高田渡の息子、高田漣による高田渡カバー集。高田渡のベスト盤『イキテル・ソング〜オールタイム・ベスト〜』、そしてデビュー前の日記『マイ・フレンド〜高田渡青春日記 1966−1969』に合わせてリリースしようという新生ベルウッド・レコードからの提案だったようだけれど、ファンにとっては待ってました、とでもいうような企画ではないかな。晩年の高田渡のステージでは息子との息のあった共演が楽しめた。実はなかなかないことだったんじゃないかな。その時に比べると、円熟したソロ活動に高橋幸宏、原田知世、高野寛らとのpupaや細野晴臣のバンドなど活動の幅を広げ、日本を代表するマルチ弦楽器奏者に成長した印象だけれど、もう一度父親の音楽と向き合うというのも感慨深いものがあったのではないだろうか。
高田渡の古巣ベルウッドからのリリース。装丁もいいですね。ベルウッド三部作を思い出してしまう。ちょうど私が中学生の時に所沢のレコード屋で『ごあいさつ』を購入。まだ3枚くらいしかCDを持ってない時代ですから、どれだけ聴いたことか(実は買った瞬間は理解を超えていて、ちょっと後悔したんです、だから悔しくて何回も聴いて…)、今ではどの曲もギターで弾けてしまう。最近になってLPで『ごあいさつ』を買い直したら、はっぴいえんどとの共演曲の鈴木茂のギターがエグくてびっくり。今の再発盤はリマスターされているのかな?少なくとも初めて買ったCDの『ごあいさつ』とは全然違う音だった。

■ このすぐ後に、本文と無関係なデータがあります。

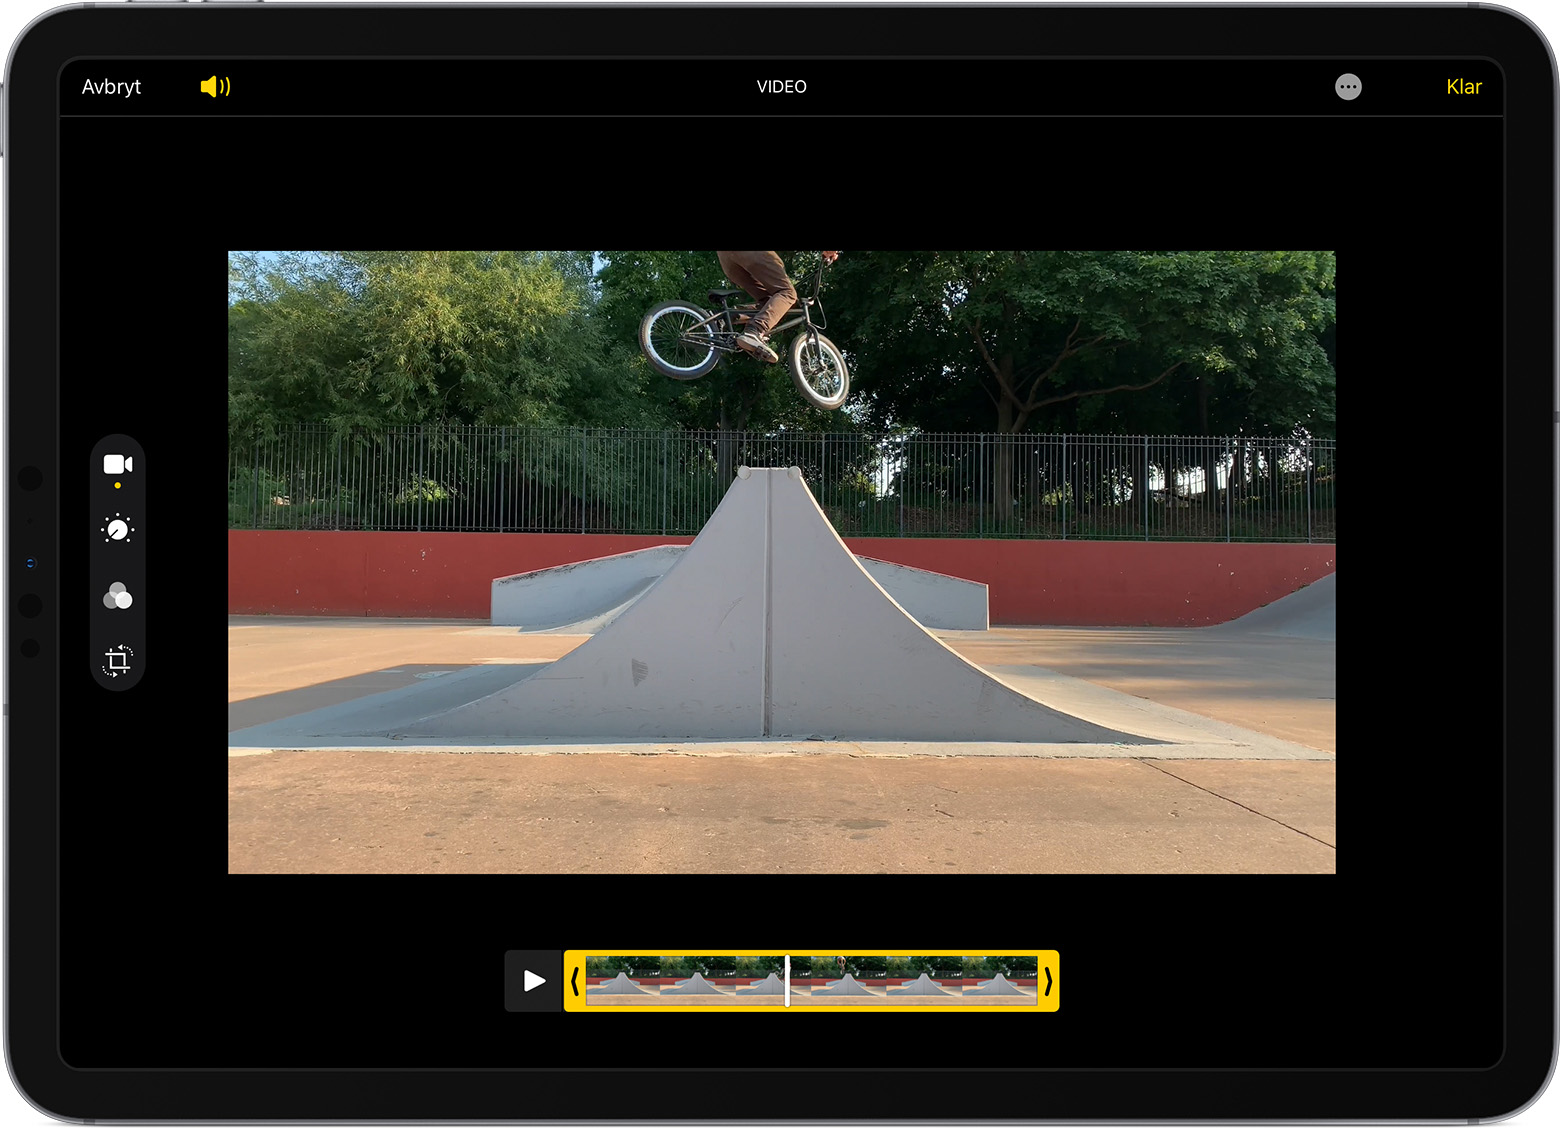 iPad som visar en video i redigeringsläge

それから三鷹に引っ越しをして、学校から帰ると老舗の焼鳥屋いせやの立ち飲みの一角で自転車に寄っかかって高田渡が寝ている、という現状を目の当たりにして。それはそれで衝撃を受けたものです。漣氏もライナーで葬式での「高田渡を神格化しないで欲しい。酔って昼頃にろれつの回らないまま意味不明な電話をかけてくる、そんな高田渡であった事を忘れないで下さい。」という言葉を引用しているけれど…ご家族は大変だったと思います。
まあそうは言え、漣氏が音楽で父の音楽と向き合っていることにじんと来るものがある。シンプルながらもモダンな味付けで趣向を凝らした多彩なアレンジの15曲。漣氏の声はどんな声なんだろう、と思ったけれど、とても木訥としていて、穏やかで、とても良い。飲んだくれの声ではないけれど、そんな誠実さが彼らしいような。大好きな”仕事さがし”が1曲目なのも嬉しいし、アナログテープに録音するというマニアックなレコーディング手法も良い。やっぱりフォークはクリックなんか使っちゃいけませんね。生のヒューマン・ビートで録らないと。細野晴臣のバンドの伊賀航と伊藤大地と共演した”自転車に乗って”も最高で。はっぴいえんど の曲を細野さんと現在演っている彼らと、かつての はっぴいえんど と高田渡の共演曲を演る。これほどオリジナルに敬意を表したカバーはないんじゃないかな。”ろっかばいまいべいびい”に感化されたというイントロの”ホントはみんな”も収録。”コーヒーブルース”には京都イノダに初めて行った時の感激を思い出す。高田渡の残した楽器がこうしてまた奏でられていることにも深い感動を覚える。
吉祥寺の街も高田渡が亡くなってから、だいぶん変わりました。いせやをはじめ。古いオーナーの中には、渡さんがいる限りは守り続けようとしていた吉祥寺があったと聞いている。そんな吉祥寺も今はない。なぜか心のざわつく休日だけれど、やっとしっくり来る音楽に出会えました。